Our goal is to develop a new statistical method for correlating RNA microarray expression data with specific miRNA motifs.
In progress: coding a module for Python that performs a multiple linear regression from a vector-to-scalar mapping. Linear regressions will be the foundation for the motif predicting model. First version is a naive regression on the sum of terms against the residuals in each iteration.
Pesentation slides, June 7
The multiple linear regression module has passed the test for small integer and random input - the output is sensible and reasonably close to an ideal fit. This week, I will be familiarizing myself with the primary software package, GEMMA, which correlates SNP (single nucleotide polymorphism) genotype and phenotype data. It is possible that SNPs will come into play when we analyze data from knockout mice - that is, mice where we negate, at conception, the functionality of a gene by inducing a single nucleotide mutation.
The source data come from two sources: the 3' UTR sequences originate from UCSC and are labeled with RefSeq accession numbers, and the microarray data were obtained experimentally and are labeled with Ensembl accession numbers. The first task for this week is to pair the two data sets and filter out any missing entries from the lookup table. After that, I need to filter out any data points for whom the 3' UTR nucleotide sequence is a substring of another 3' UTR sequence. This ensures that the data do not have duplicates. From there, the kinship matrix must be computed. This matrix will be generated by correlating the k-mer frequencies for each sequence, where \(k\leq4\).

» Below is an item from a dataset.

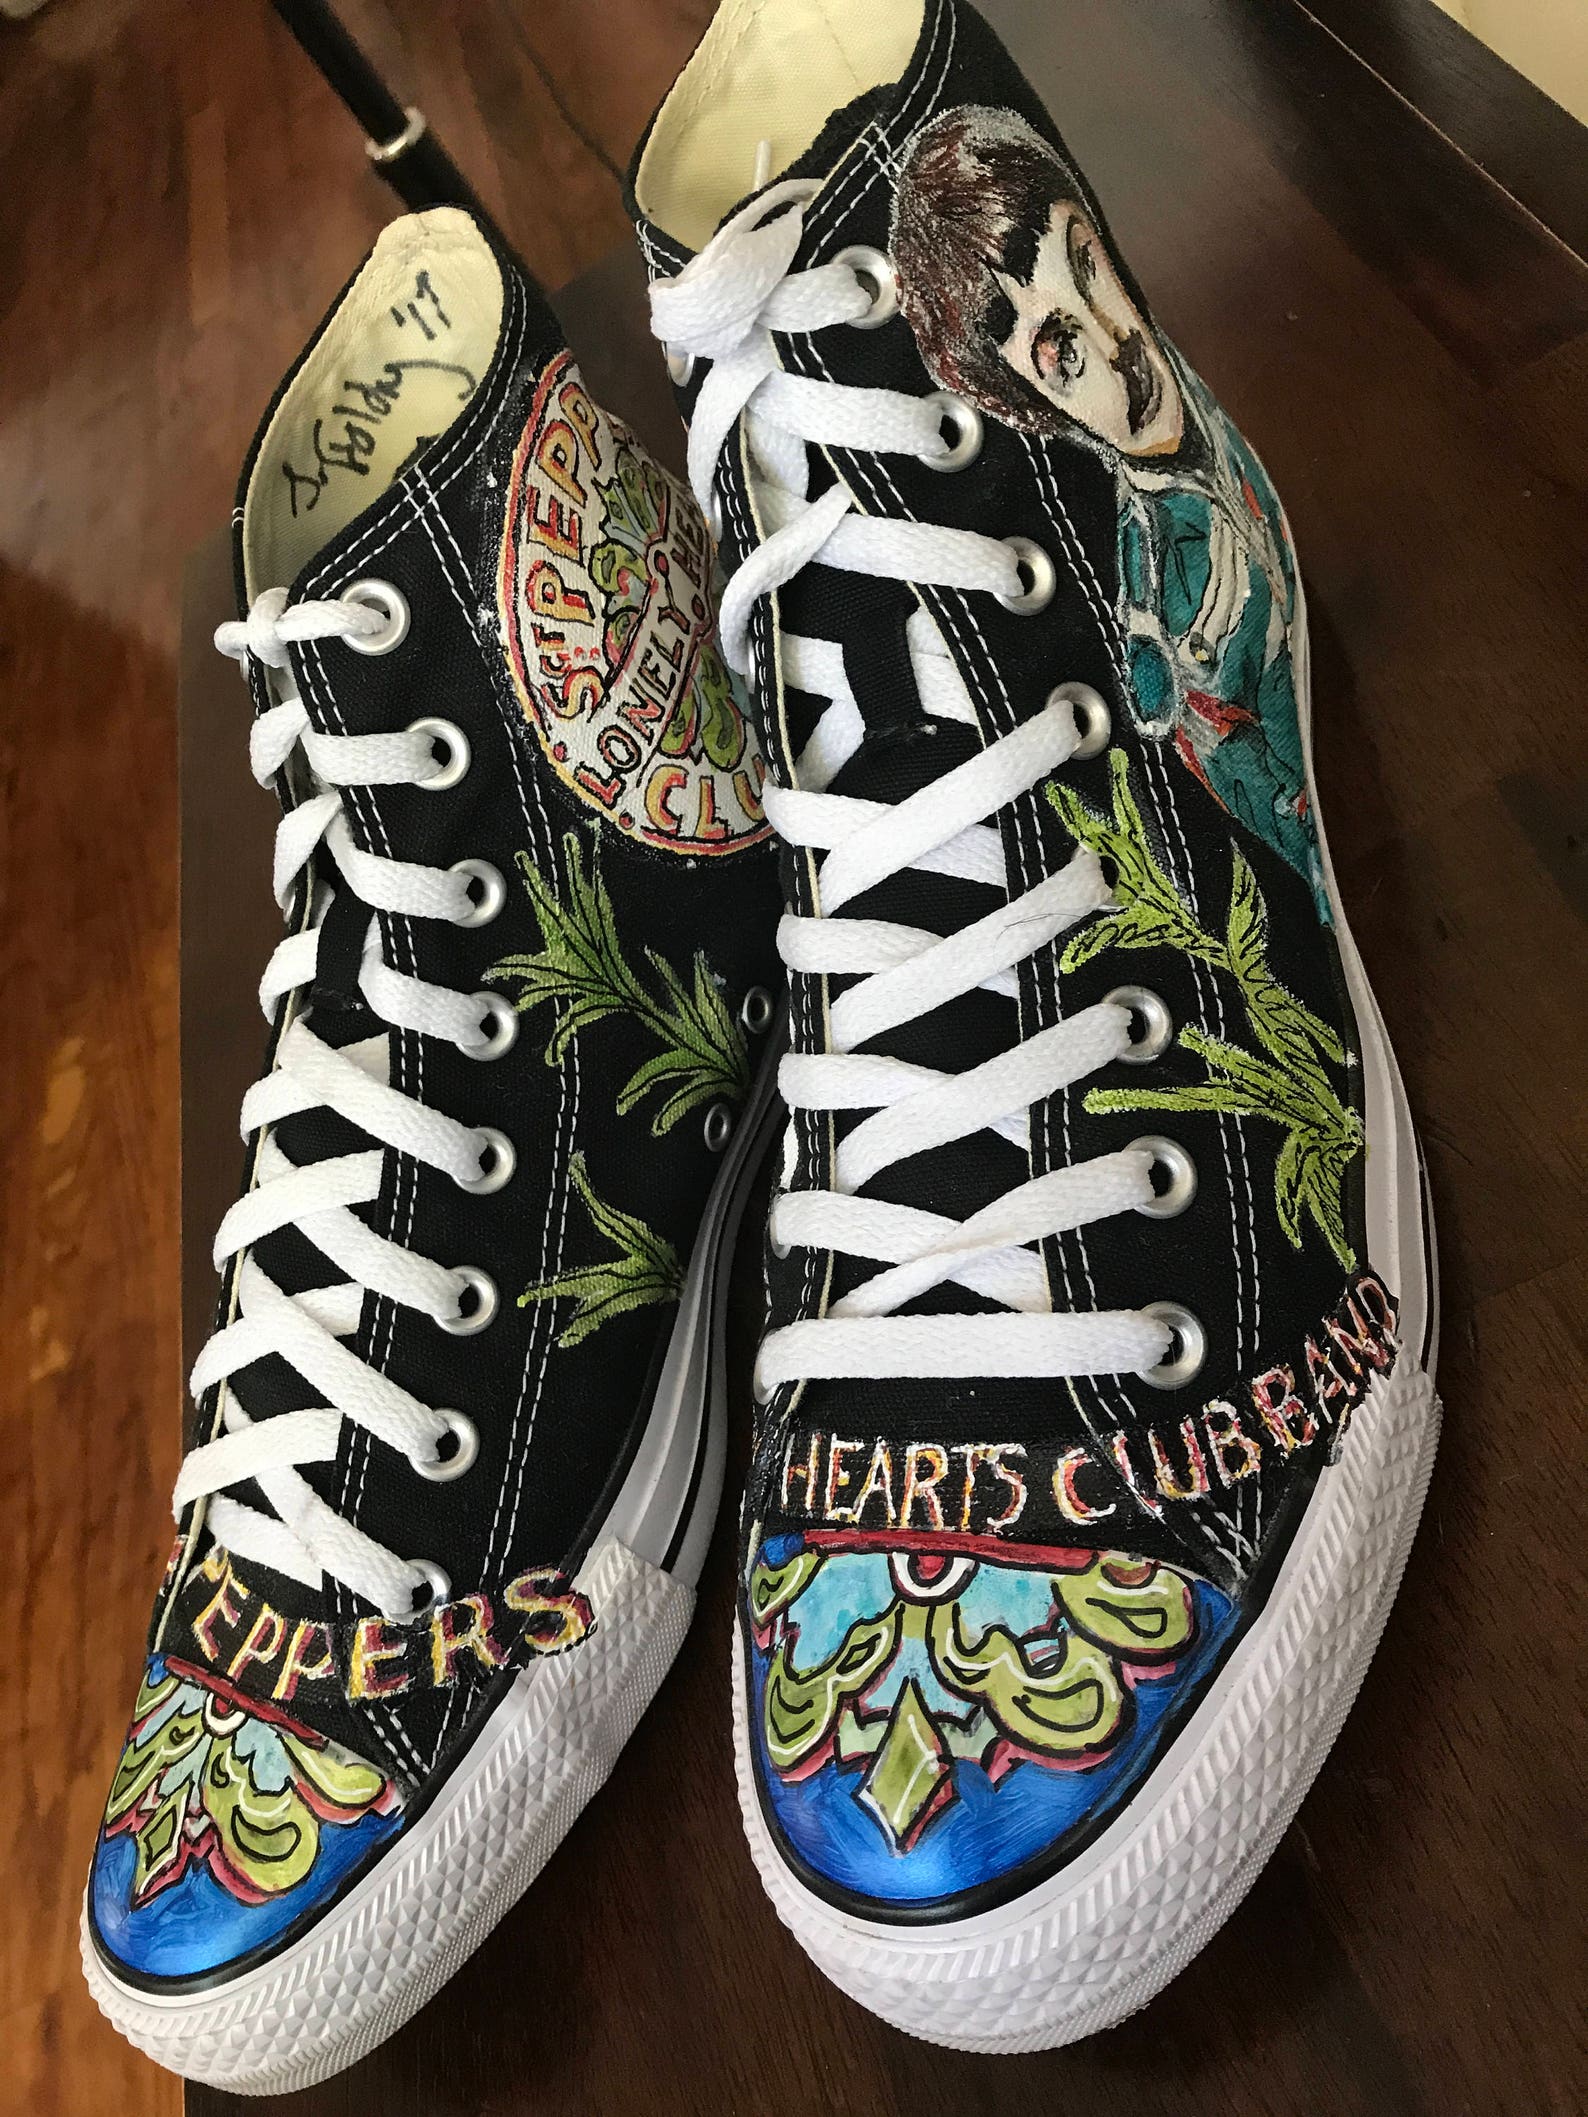 Beatles Sgt. Pepper converse handprinted shoes. | Etsy

After forming the kinship matrix, the genotypes will be computed based on the presence or absence of each possible 6-mer in each 3' UTR sequence. Two types of genotype data will be computed: a simple motif count, and a binary yes/no table. These, in addition to the expression (phenotype) data, will be input into GEMMA to determine which motifs are most correlated with decreased transcription output. We will also compute two additional kinds of kinship matrices: the dimer count kinship matrix which is computed using the same algorithm as last week with \(k=2\), and the shared motifs kinship matrix which takes the dot product of two rows of the binary matrix normalized to fall in \([0, 1]\).
Friday 6.28: Happy Tau Day, and Happy Birthday to me!
The p-values from the Wald linear mixed model will be used for each motif to test the hypothesis that the presence or absense of the motif is positively correlated with the expression data. Using an \(\alpha\) of 0.05 and a Bonferroni-corrected \(\alpha\) of \(1.22 \cdot 10^{-5}\), the motifs such that (\p<\alpha\) will be compared to the set of known motifs. This is the test of validity for our method: if there is a significant overlap between the established results and ours, we say our method is suitable; otherwise, our method is flawed.